People keep pretending like there was in the first place, Nintendo is just slower to the punch.


----------



## Deboog (Mar 3, 2016)

Can't wait for horse sex simulator though.


----------



## RubyCarbuncle (Mar 3, 2016)

The only thing that really stood out was Monster Hunter. Star Fox was all right, too, but still. I was hoping for Zelda stuff, but I guess it'd make sense for them to show that at a later point. (ie A game conference like E3)

For those that play Splatoon that may have been nice too, idk.

Overall, nothing to appealing. So, about what I expect going into any Direct. Low expectations prevented me from being to disappointed yet again. I await the day I'm actually impressed by one of these things.


----------



## sarkwalvein (Mar 3, 2016)

Deboog said:


> Can't wait for horse sex simulator though.


I suppose @Bimmel will be happy about that, not a Pegasus but somewhat near to it.

PS: Fuck gamestop, put your asses to work and update the game listing, I want to preorder Fire Emblem Fates SuperSpecial Edition Europe.


----------



## Bimmel (Mar 3, 2016)

sarkwalvein said:


> I suppose @Bimmel will be happy about that, not a Pegasus but somewhat near to it.
> 
> PS: Fuck gamestop, put your asses to work and update the game listing, I want to preorder Fire Emblem Fates SuperSpecial Edition Europe.


It's only the beginning - sodomy in games is just around the corner. "Pegasi love simulator, petting on a new level".

They did take their time for the Fire Emblem release. It's so late - and we get nothing in return. But maybe we get more things.. censored. ;-)


----------



## orcid (Mar 3, 2016)

I am hyped for Paper Mario, but it is the only game for the Wii U I am looking for in 2016.


----------



## LoganK93 (Mar 3, 2016)

No ones going to mention the utterly dissapointing Paper Mario game they showed? I went from hype to dissapointed in about a second when I saw that card system, and the Kersti paint can thing. Nintendo is dying. I've been a fan since I can remember but... it just really isn't the same.

Edit: One person is excited.


----------



## Sick Wario (Mar 3, 2016)

paper mario looked ok and all we saw was one clip of the card mechanic and no details

i am surprised they are releasing another 2d kirby on 3ds


----------



## Temarile (Mar 3, 2016)

Am I one of the few persons actually waiting and exciting for the dragon quest games? No wonder why it's so hard to find in Europe nowadays


----------



## Shubshub (Mar 3, 2016)

Federation Force actually looks interesting to me now

Also DQVII Hype


----------



## vayanui8 (Mar 3, 2016)

Temarile said:


> Am I one of the few persons actually waiting and exciting for the dragon quest games? No wonder why it's so hard to find in Europe nowadays


7 has been out in japan for ages, so everyone has an idea of what they're getting into. A release date is what was really needed. 8 is looking to be a kind of lackluster port so I can see why some people would look past it.


----------



## sarkwalvein (Mar 3, 2016)

vayanui8 said:


> 7 has been out in japan for ages, so everyone has an idea of what they're getting into. A release date is what was really needed. 8 is looking to be a kind of lackluster port so I can see why some people would look past it.

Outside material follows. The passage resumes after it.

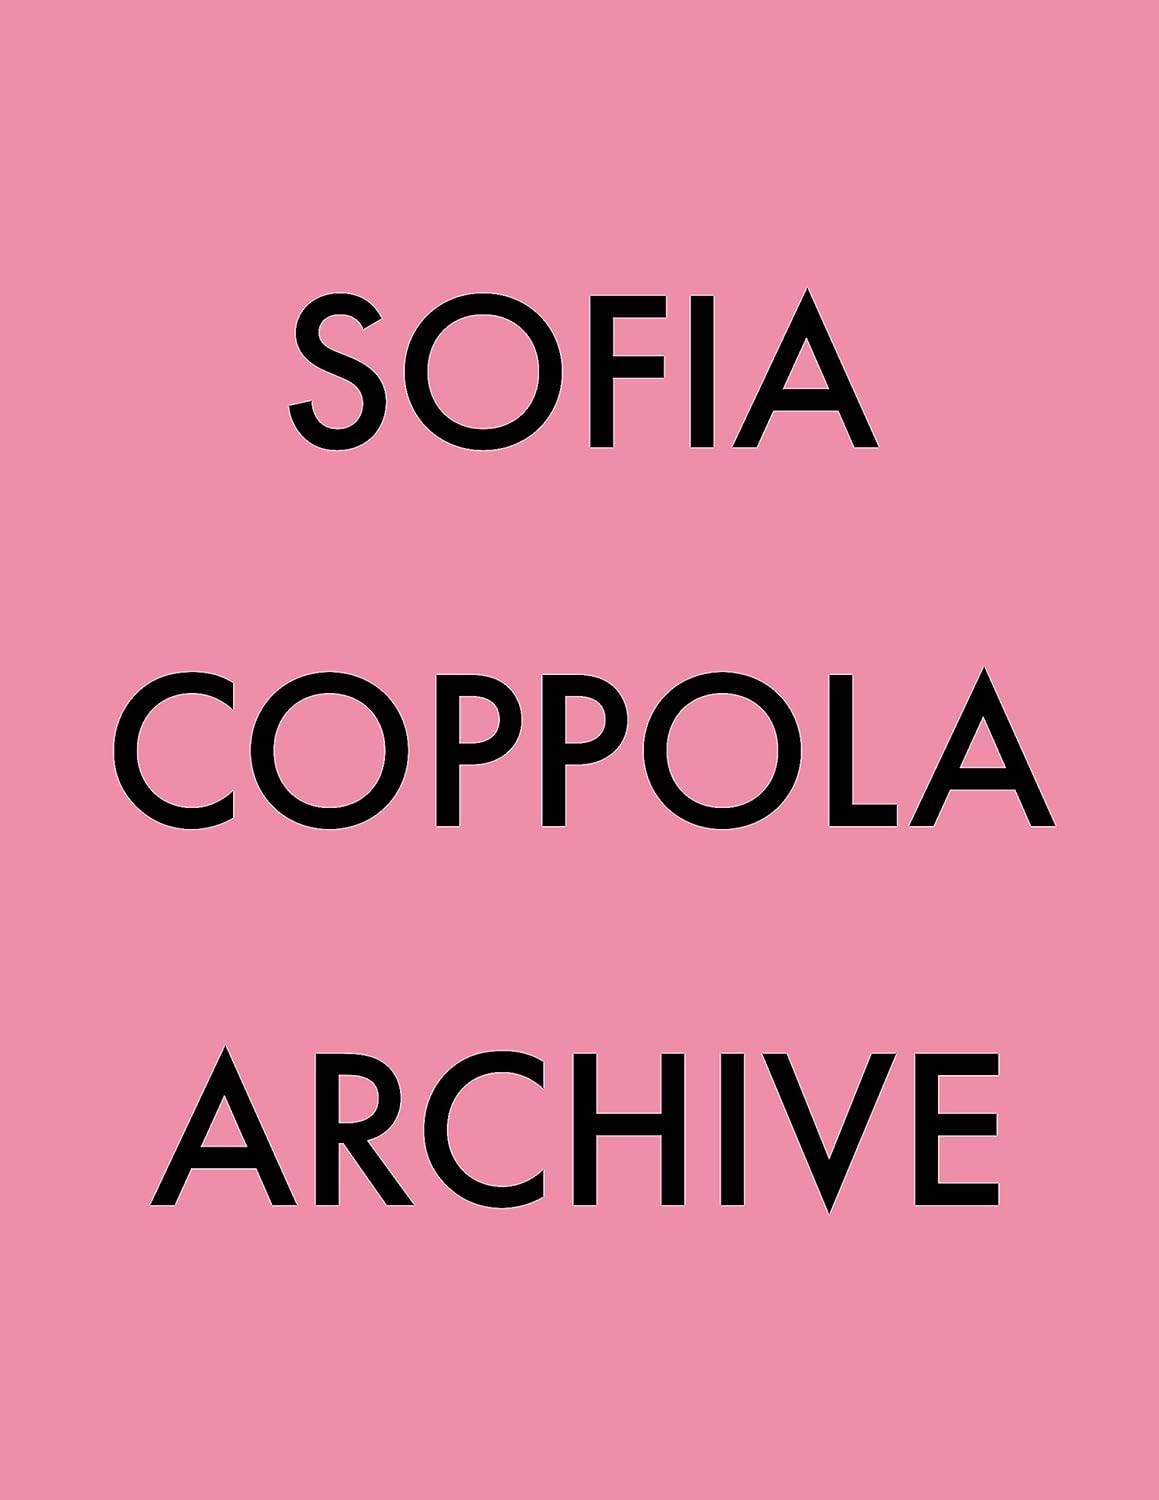 Sofia Coppola Talks Priscilla Presley in W Magazine Vol-5 2023
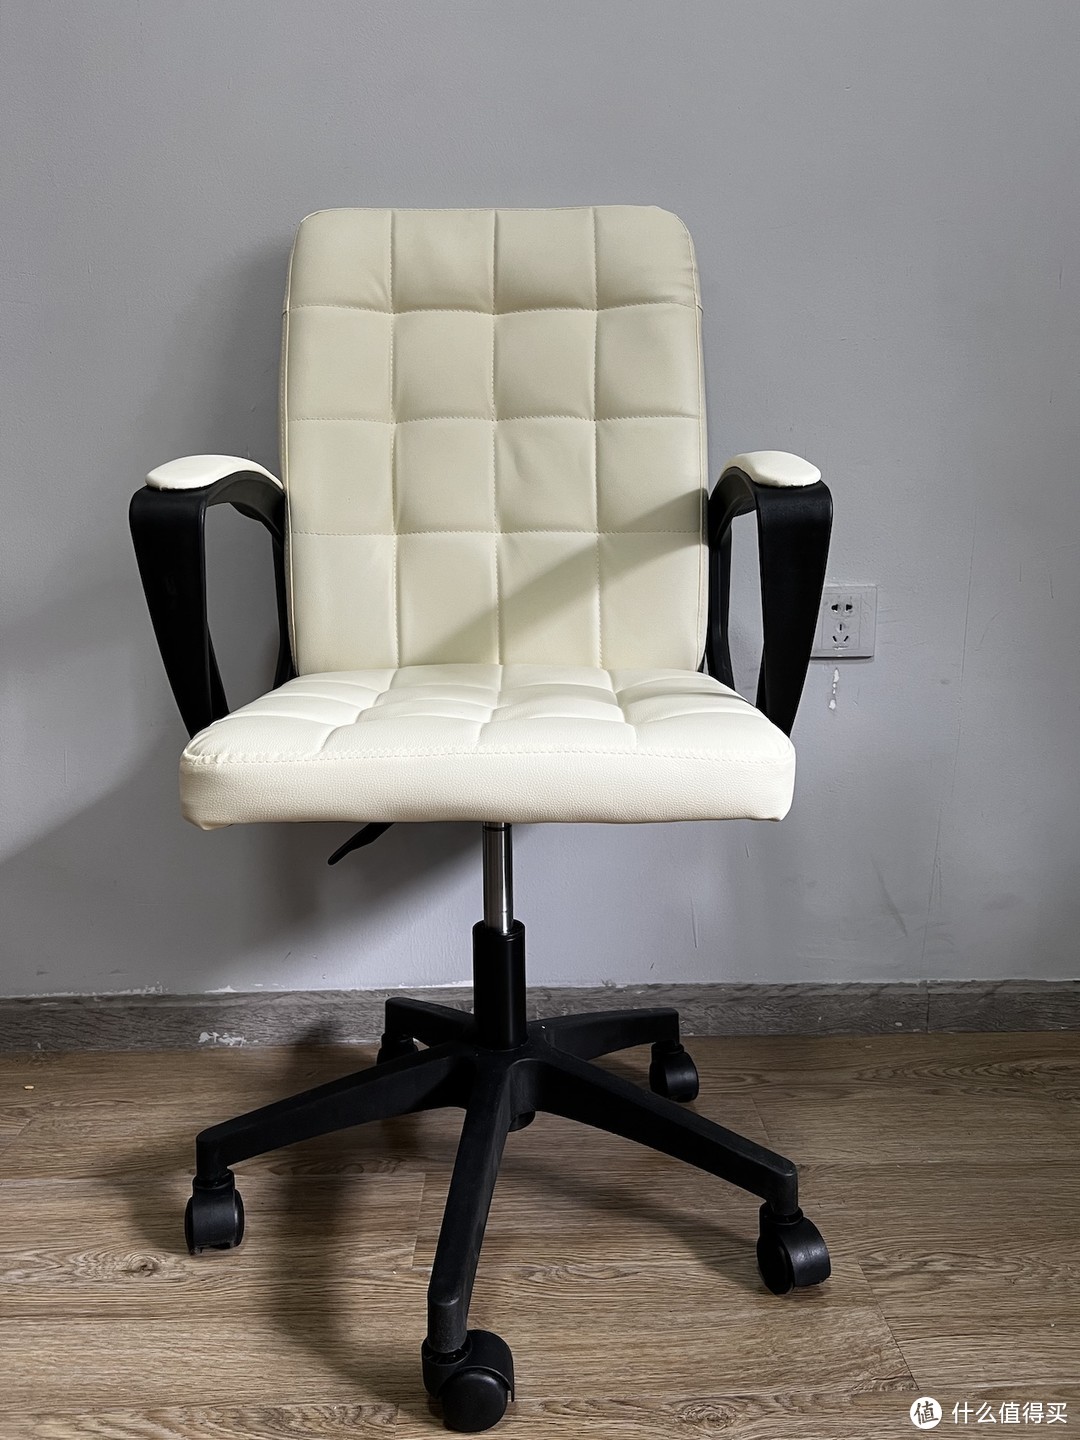 300元价位七把电脑椅的一些使用感受，对比高端人体工学椅

I would really get both of them whenever they release.
I started 8 on my PS2, but for some reason didn't get too far (life I suppose, I was very busy with college and didn't have time to play), later I moved away, etc., my PS2 is 12000Km away from me now, and whatever. Would be glad to start to play it again on 3DS.


----------



## Blaze163 (Mar 3, 2016)

ultimatetemper said:


> FE Fates' EUR release date is May 20



Source?

And does that include the Special Edition with all 3 versions in one box?


----------



## sarkwalvein (Mar 3, 2016)

Blaze163 said:


> Source?
> 
> And does that include the Special Edition with all 3 versions in one box?


http://www.siliconera.com/2016/03/03/fire-emblem-fates-headed-europe-may-20/

Yes it does.

PS: Please don't pre-order several times like a vulture, that is bad and I also want my copy.


----------



## Blaze163 (Mar 4, 2016)

sarkwalvein said:


> http://www.siliconera.com/2016/03/03/fire-emblem-fates-headed-europe-may-20/
> 
> Yes it does.
> 
> PS: Please don't pre-order several times like a vulture, that is bad and I also want my copy.



Well that's my day made 

Well, nothing else to be excited about. Nothing else really concerns me. Metroid looks meh, not buying a WiiU just for Starfox Zero, nothing much else really interests me.  Back to trying to translate the writing on my sword. Why is Japanese such a pain in the arse?


----------



## VinsCool (Mar 4, 2016)

SNES VC? I've been playing SNES games with a SNES emulator on my _O3DS_ for a very long time :^)


----------



## Deboog (Mar 4, 2016)

VinsCool said:


> SNES VC? I've been playing SNES games with a SNES emulator on my _O3DS_ for a very long time :^)


Yes but BlargSNES is kind of crappy.
At least I'm sure Nintendo's own emu will be 10x better.


----------



## EntermateStar (Mar 4, 2016)

BurningDesire said:


> Who's watching the daddy Etika stream


there wasnt a daddy etika stream


----------



## VinsCool (Mar 4, 2016)

Deboog said:


> Yes but BlargSNES is kind of crappy.
> At least I'm sure Nintendo's own emu will be 10x better.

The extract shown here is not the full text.